A. “Directness” Standards
· 9th Circuit: “Conduct has a ‘direct’ effect for the purposes of the domestic effects exception to the FTAIA ‘if it follows as an immediate consequence of the defendant[s’] activity.’” United States v. Hui Hsiung, 778 F.3d 738, 758 (9th Cir. 2015) (emphasis added). “An effect cannot be ‘direct’ where it depends on such uncertain intervening developments.” United States v. LSL Biotechnologies, 379 F.3d 672, 680 (9th Cir. 2004) (emphasis added).
· 7th Circuit: Minn-Chem, Inc. v. Agrium Inc., 683 F.3d 845, 856-58 (7th Cir. 2012) (rejecting the “immediate consequence” standard and holding that “direct” only means “a reasonably proximate causal nexus”) (emphasis added).

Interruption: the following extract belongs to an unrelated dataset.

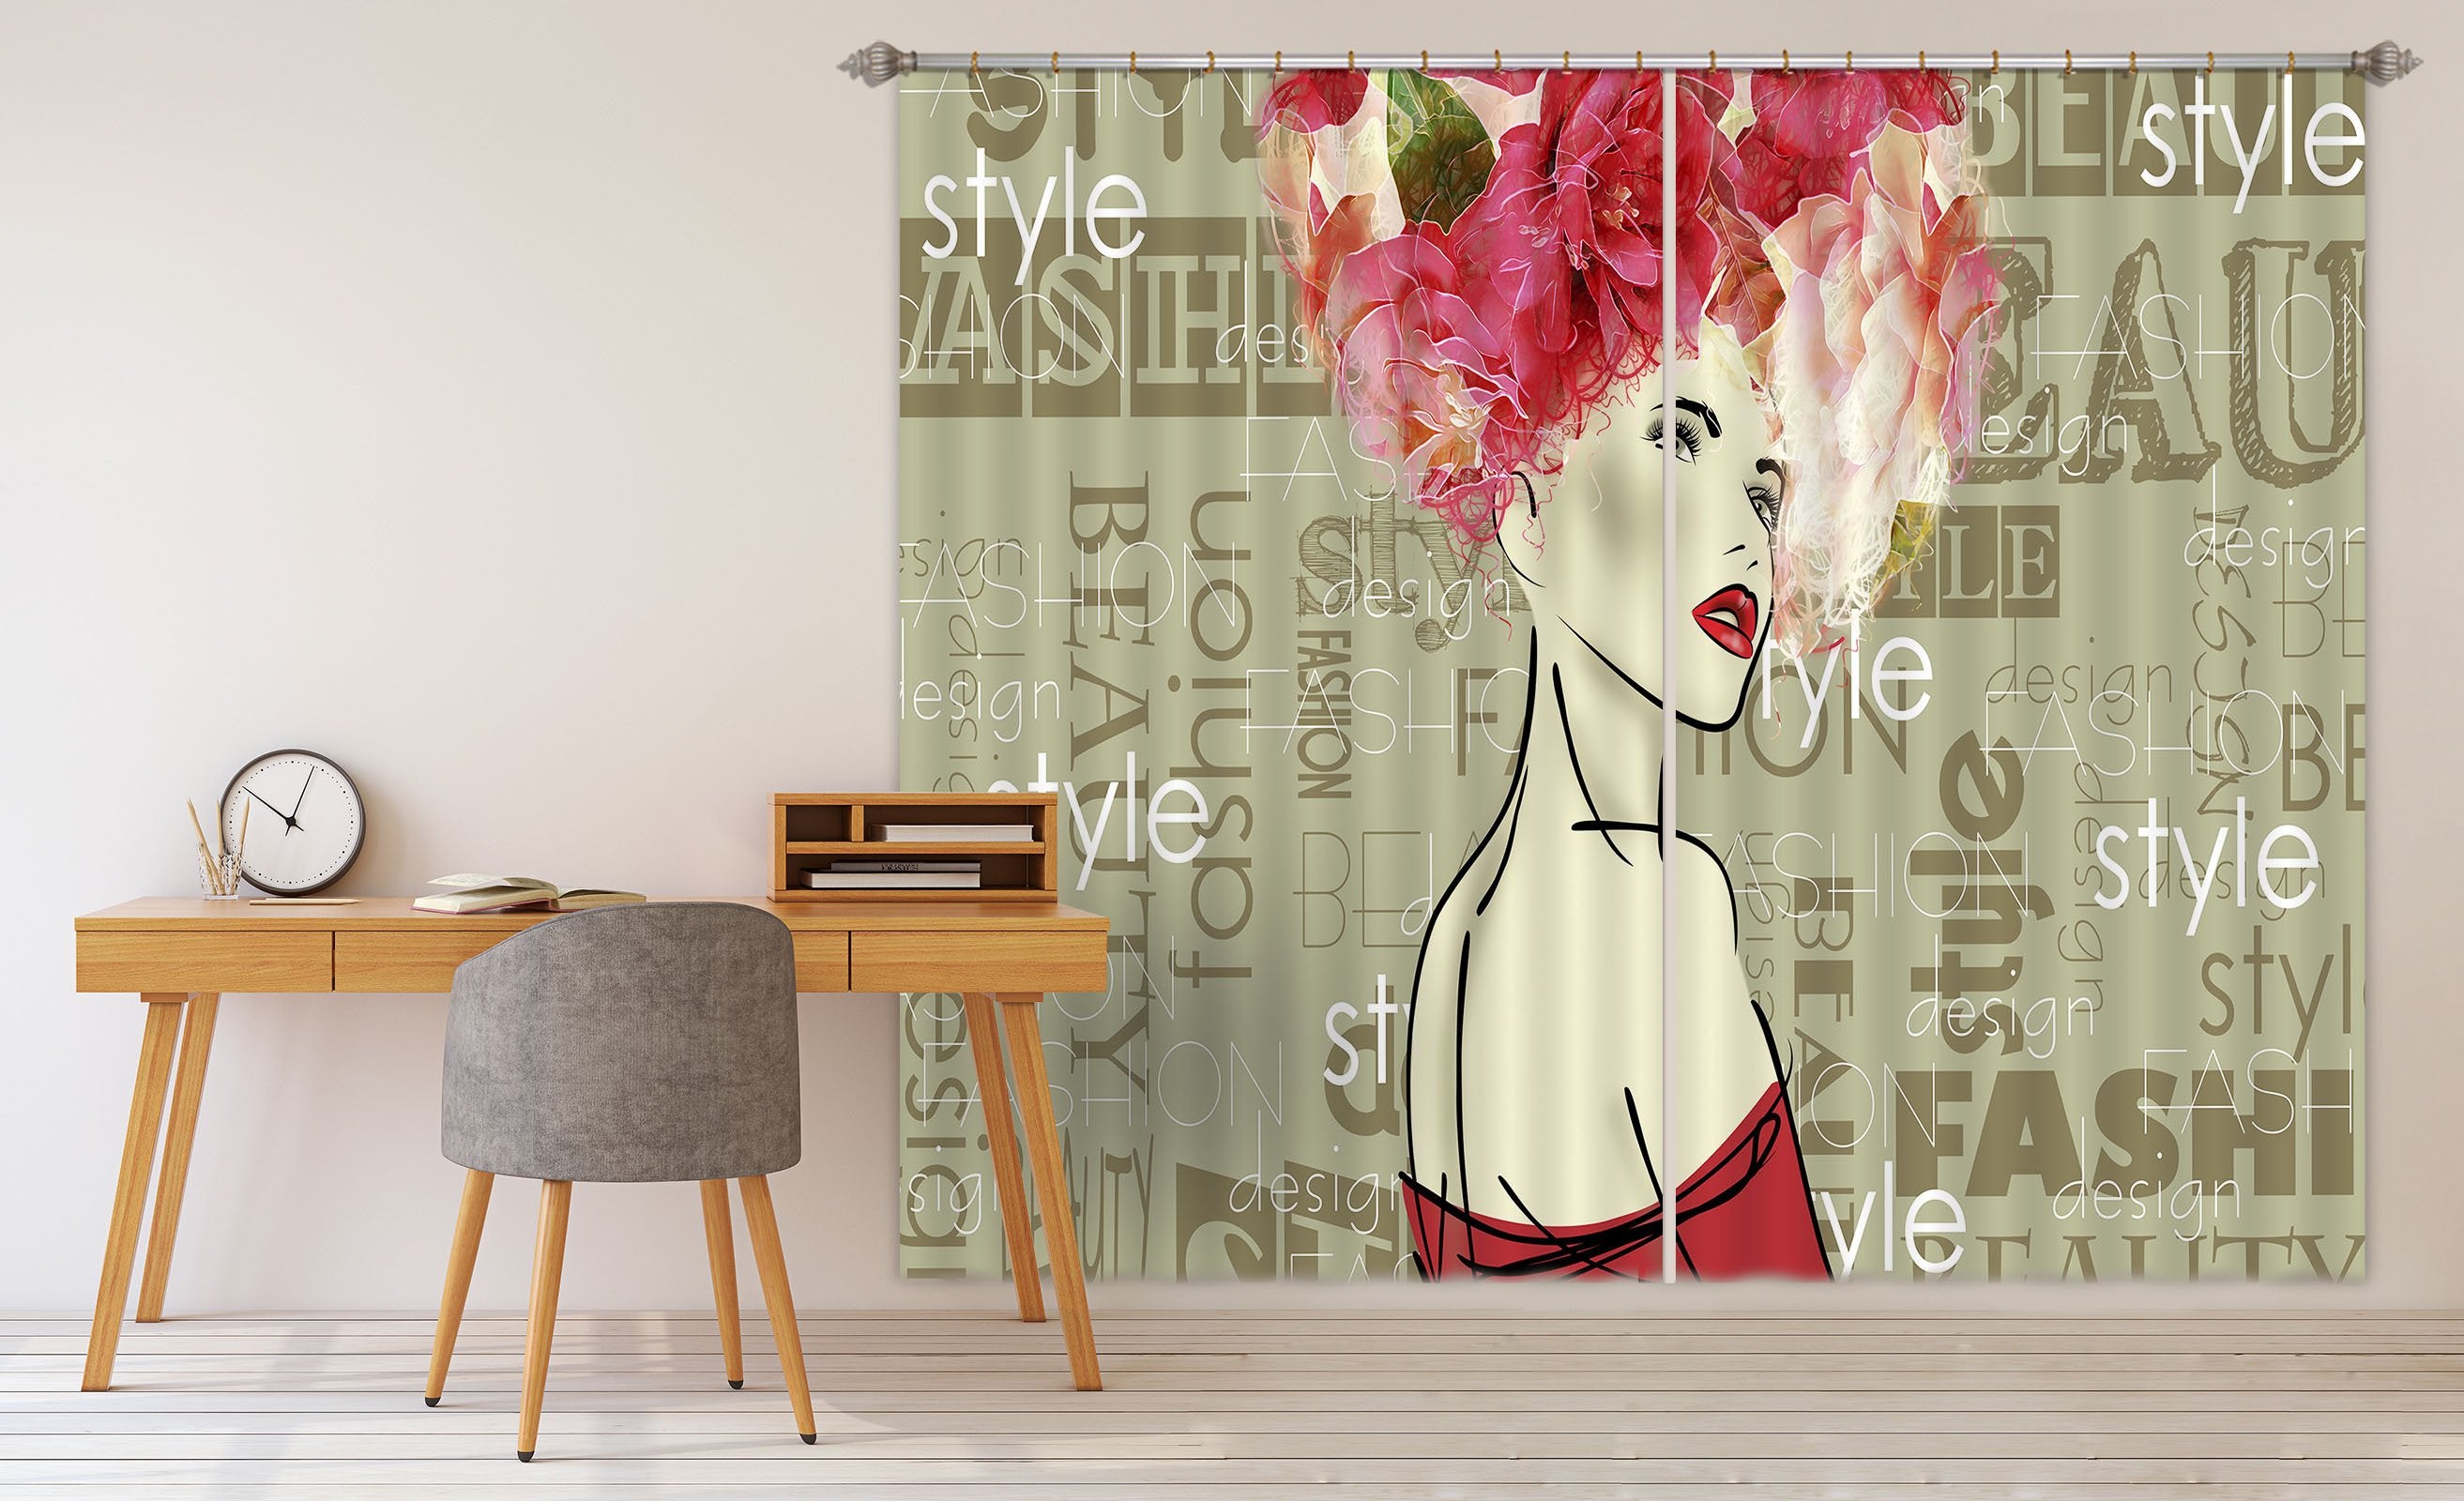 3D Aristocratic Girl 783 Curtains Drapes Wallpaper AJ Wallpaper

· 2nd Circuit:“[F]oreign anticompetitive conduct can have a statutorily required ‘direct, substantial, and reasonably foreseeable effect’ on U.S. domestic or import commerce even if the effect does not follow as an immediate consequence of the defendant’s conduct, so long as there is a reasonably proximate causal nexus between the conduct and the effect.” Lotes Co., Ltd. v. Hon Hai Precision Indus. Co., Ltd., 753 F.3d 395, 398 (2d Cir. 2014) (emphasis added).
B. Illinois Brick and the FTAIA—Motorola Mobility LLC v. AU Optronics Corp., 775 F.3d 816 (7th Cir. 2015) (“Motorola V”).
· At issue on appeal from a decision by the Illinois district court were the TFT-LCD panels that were bought and paid for by, and delivered to, foreign subsidiaries (mainly Chinese and Singaporean) of the plaintiff Motorola.
· After those panels were bought by the subsidiaries and incorporated by them into cellphones abroad, the cellphones were sold and shipped to Motorola for resale in the United States.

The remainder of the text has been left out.